Обещание устроить Морозовым экскурсию совсем вылетело из головы, вот они и забеспокоились. Узнав, что они пытаются дозвониться до меня почти две недели, договорился, чтобы ещё немного подождали, после чего направился смотреть, что там у меня с почтой.
В квартире никого не было, Глафиру Ивановну уволили, если так можно сказать. Берия направил в мои домоуправы своего человека. Я его еще не видел, но следы работы заметить успел. Вызвонив куратора — это был человек Сталина — озвучил свою просьбу. Нет, я, конечно, мог настоять на том, чтобы самому съездить в посёлок, но не хотелось напрягать парней из охраны, наверняка их изрядно накрутили насчет моей безопасности.

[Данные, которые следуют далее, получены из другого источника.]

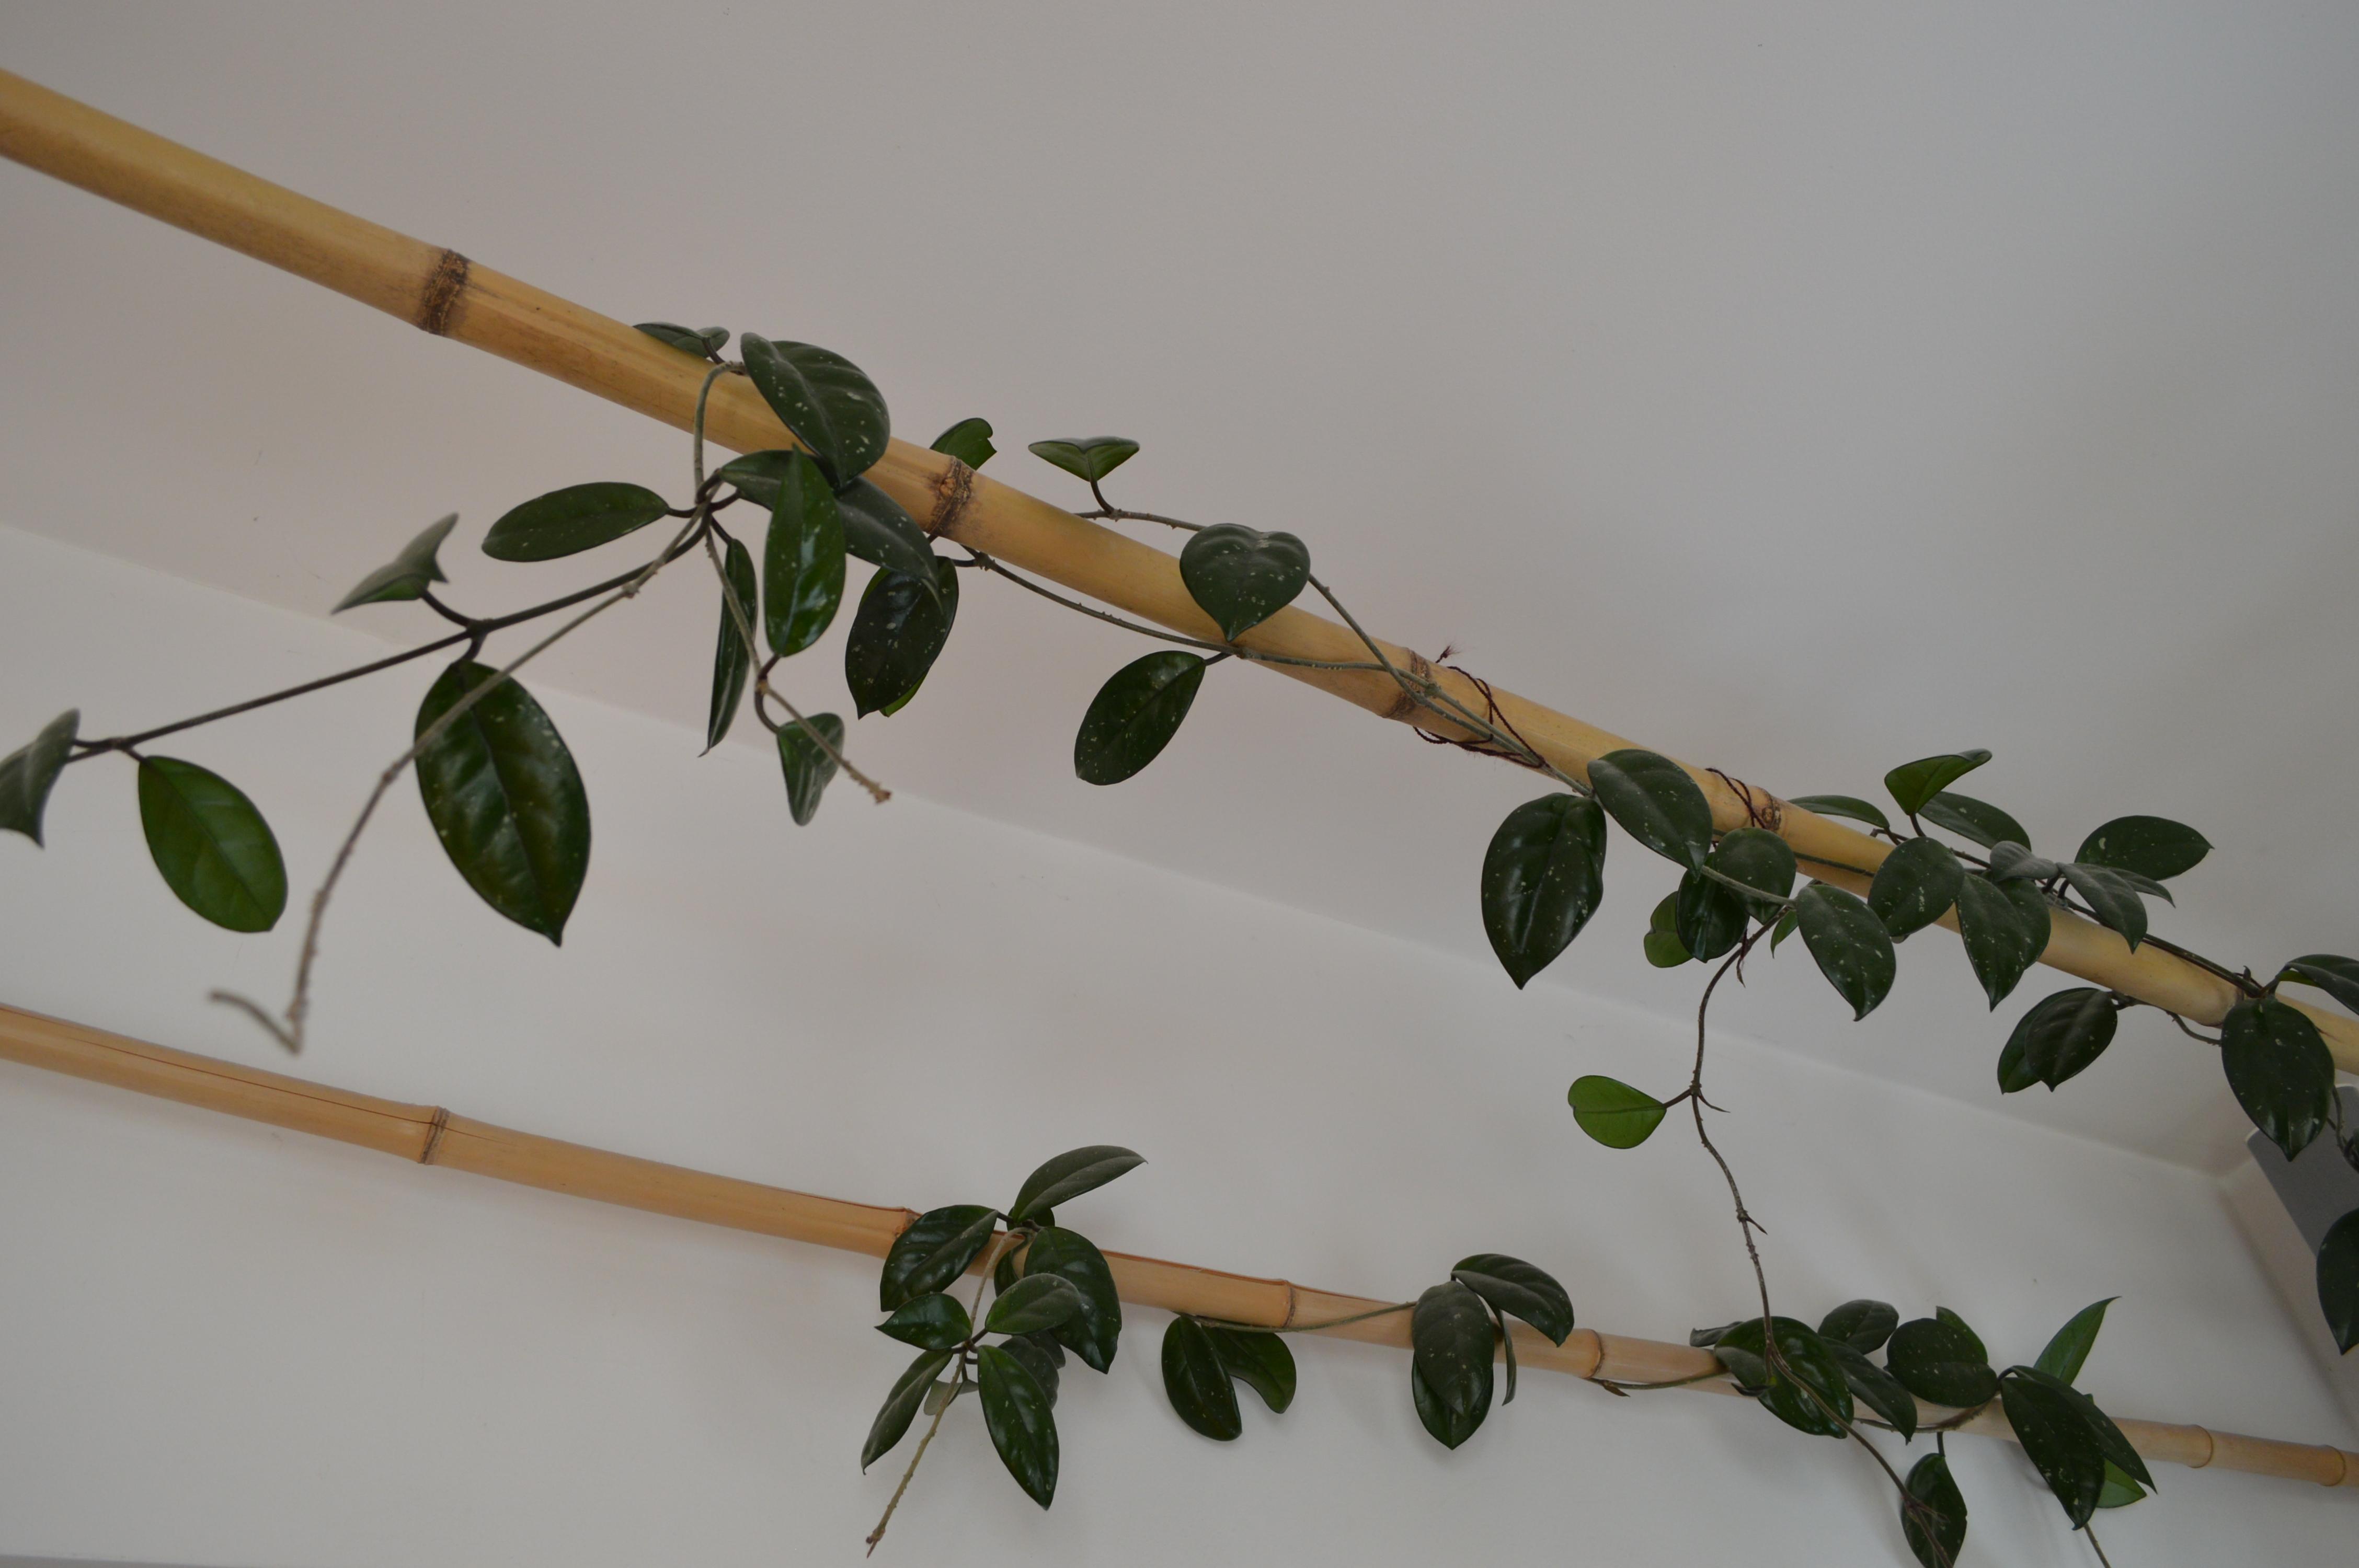 choja na bambusie

Отдохнув и разобравшись с делами, я решил посмотреть, что за машину мне подарили. Это оказалась не обычная «эмка», а вездеход, такой же, что сопровождал меня при поездке к Морозовым. Только новенький, это подчёркивала сверкающая дарственная табличка на приборной.
— Вовремя подарили. Весна, — хмыкнул я, опробовав машину во дворе. Она была замечательная, ее делали явно знающие люди. — Теперь только тонировку нанести да музыку поставить.
— Что? — не понял куратор. Его в мою тайну не посвятили, просто поставили задачу обеспечивать связь и охрану.
— Я говорю, нужно занавески на задние окна повесить и компактную радиостанцию поставить, чтобы радио слушать. О, и динамики посильней.